然后通過wifi是否可以一直掃描(isScanAlwaysAvailable)設置狀態機初始狀態。
ApStaDisabledState和StaDisabledWithScanState兩種狀態處理CMD_WIFI_TOGGLED消息時一樣的。
看看ApStaDisabledState是如何處理的。
class ApStaDisabledState extends State {
private int mDeferredEnableSerialNumber = 0;
private boolean mHaveDeferredEnable = false;
private long mDisabledTimestamp;
@Override
public void enter() {
mWifiStateMachine.setSupplicantRunning(false);
// Supplicant can't restart right away, so not the time we switched off
mDisabledTimestamp = SystemClock.elapsedRealtime();
mDeferredEnableSerialNumber++;
mHaveDeferredEnable = false;
}
@Override
public boolean processMessage(Message msg) {
switch (msg.what) {
case CMD_WIFI_TOGGLED:
case CMD_AIRPLANE_TOGGLED:
if (mSettingsStore.isWifiToggleEnabled()) {
if (doDeferEnable(msg)) {
if (mHaveDeferredEnable) {
// have 2 toggles now, inc serial number an ignore both
mDeferredEnableSerialNumber++;
}
mHaveDeferredEnable = !mHaveDeferredEnable;
break;
}
if (mDeviceIdle == false) {
transitionTo(mDeviceActiveState);
} else {
checkLocksAndTransitionWhenDeviceIdle();
}
}
break;
//。。。。。
}
return HANDLED;
}
private boolean doDeferEnable(Message msg) {
long delaySoFar = SystemClock.elapsedRealtime() - mDisabledTimestamp;
if (delaySoFar >= mReEnableDelayMillis) {
return false;
}
log("WifiController msg " + msg + " deferred for " +
(mReEnableDelayMillis - delaySoFar) + "ms");
// need to defer this action.
Message deferredMsg = obtainMessage(CMD_DEFERRED_TOGGLE);
deferredMsg.obj = Message.obtain(msg);
deferredMsg.arg1 = ++mDeferredEnableSerialNumber;
sendMessageDelayed(deferredMsg, mReEnableDelayMillis - delaySoFar + DEFER_MARGIN_MS);
return true;
}
}
mSettingsStore.isWifiToggleEnabled()用來獲取保存的wifi操作的狀態,如果是開則繼續。

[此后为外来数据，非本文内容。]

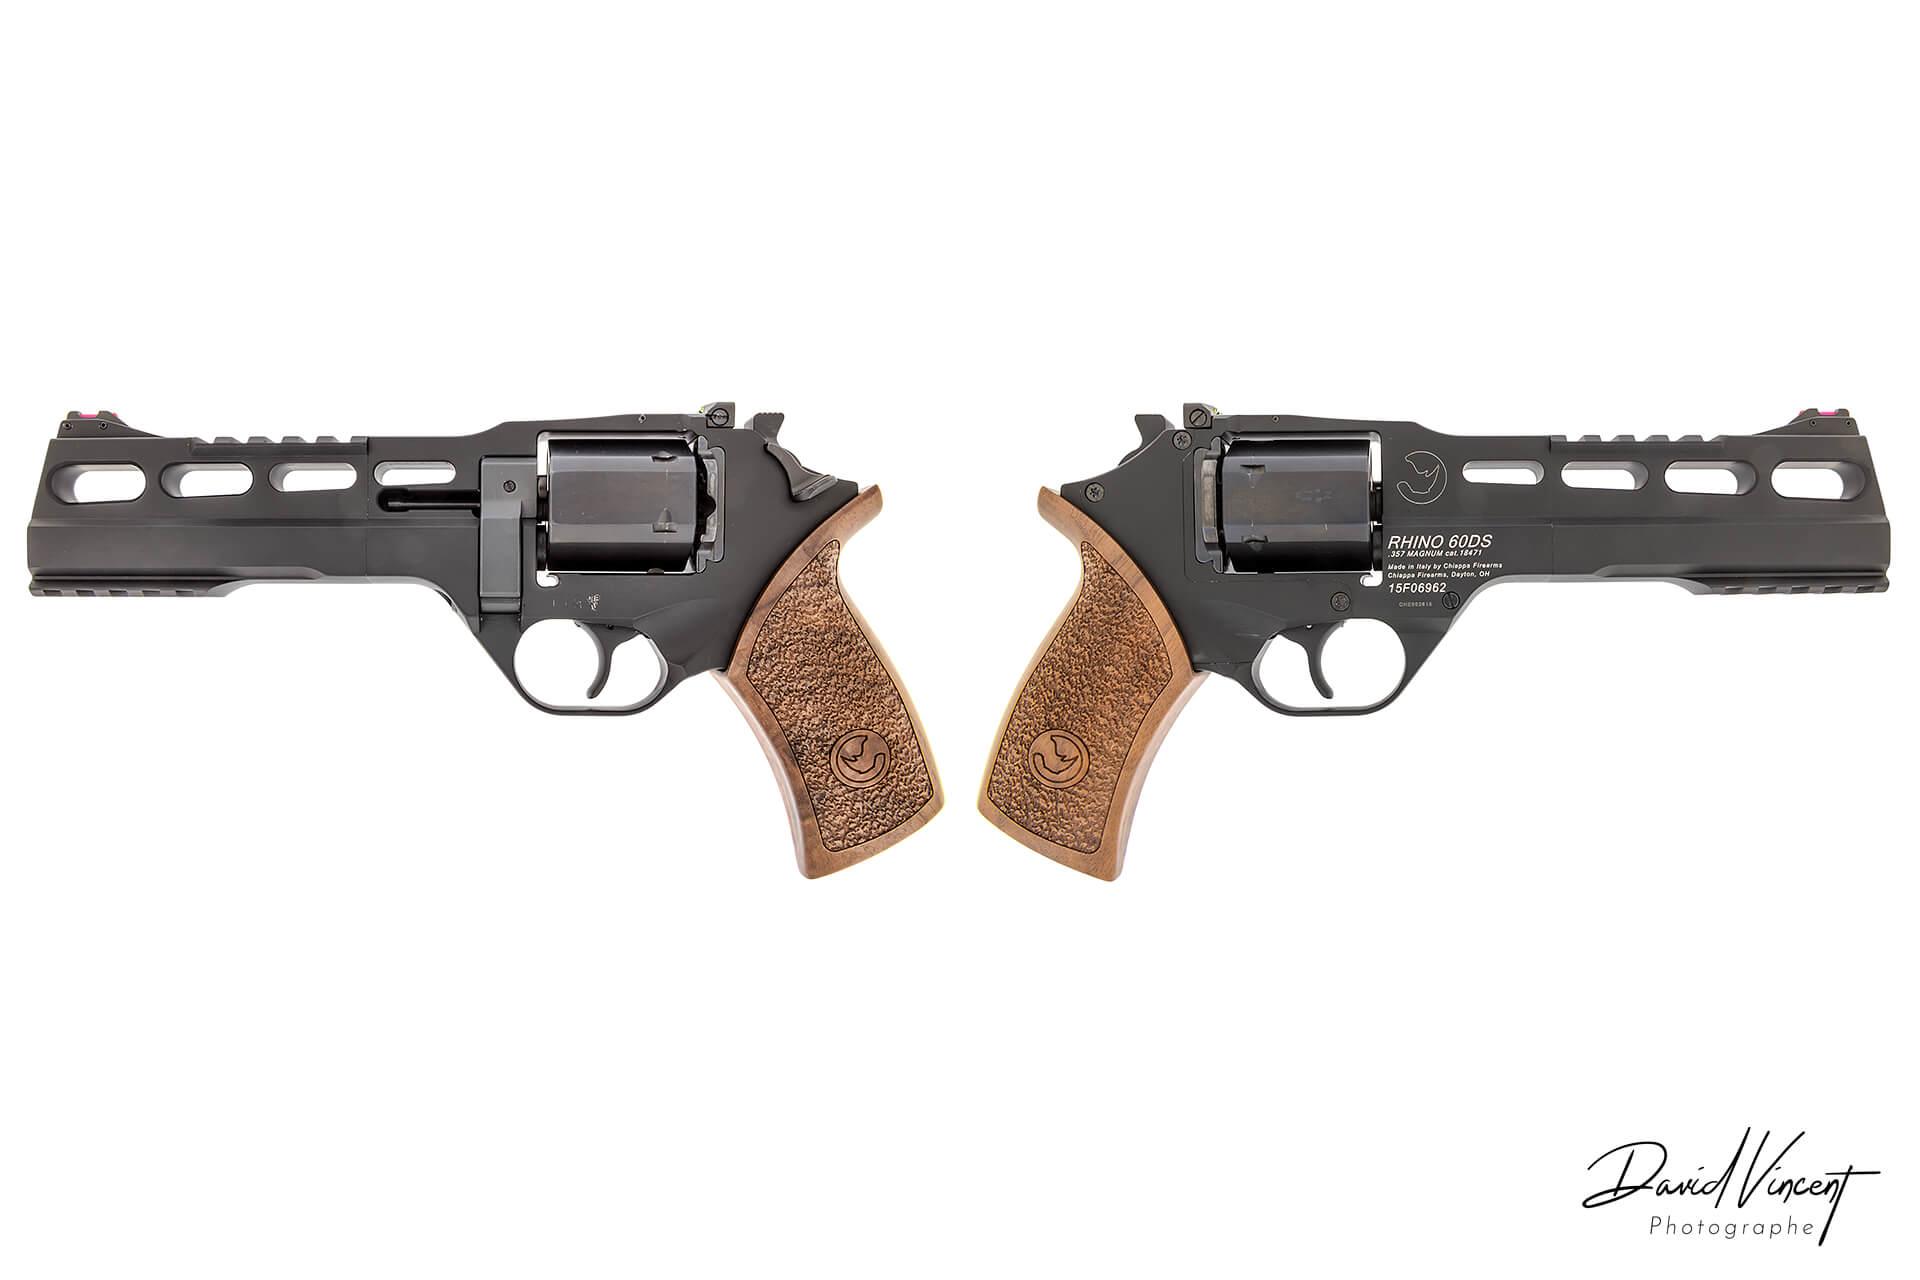 Chiappa Rhino 60DS - Photographe d'armes à feu

wpa supplicant 關閉后不能立即啟動,mReEnableDelayMillis為重新開啟wifi的延時時間(從系統數據庫獲取,獲取不到則默認值為500ms),這里deferEnable用來判斷時間,延緩啟動。
之后切換到DeviceActiveState。
DeviceActiveState為StaEnabledState的子狀態,所以會先調用父狀態的enter()函數,然后調用子狀態的enter()函數。分別看一下兩個enter函數。
1 WifiController --StaEnabledState
先看看StaEnabledState的enter()函數:
class StaEnabledState extends State {
@Override
public void enter() {
mWifiStateMachine.setSupplicantRunning(true);
}
...
}
}
mWifiStateMachine.setSupplicantRunning(true),WifiStateMachine發送Message--CMD_STAET_SUPPLICANT。
WIfiStateMachine
看看處理該消息
class InitialState extends State {
@Override
public boolean processMessage(Message message) {
switch (message.what) {
case CMD_START_SUPPLICANT:
//加載Wifi驅動
if (mWifiNative.loadDriver()) {
try {//加載固件
mNwService.wifiFirmwareReload(mInterfaceName, "STA");
} catch (Exception e) {
}
try {
// A runtime crash can leave the interface up and
// this affects connectivity when supplicant starts up.
// Ensure interface is down before a supplicant start.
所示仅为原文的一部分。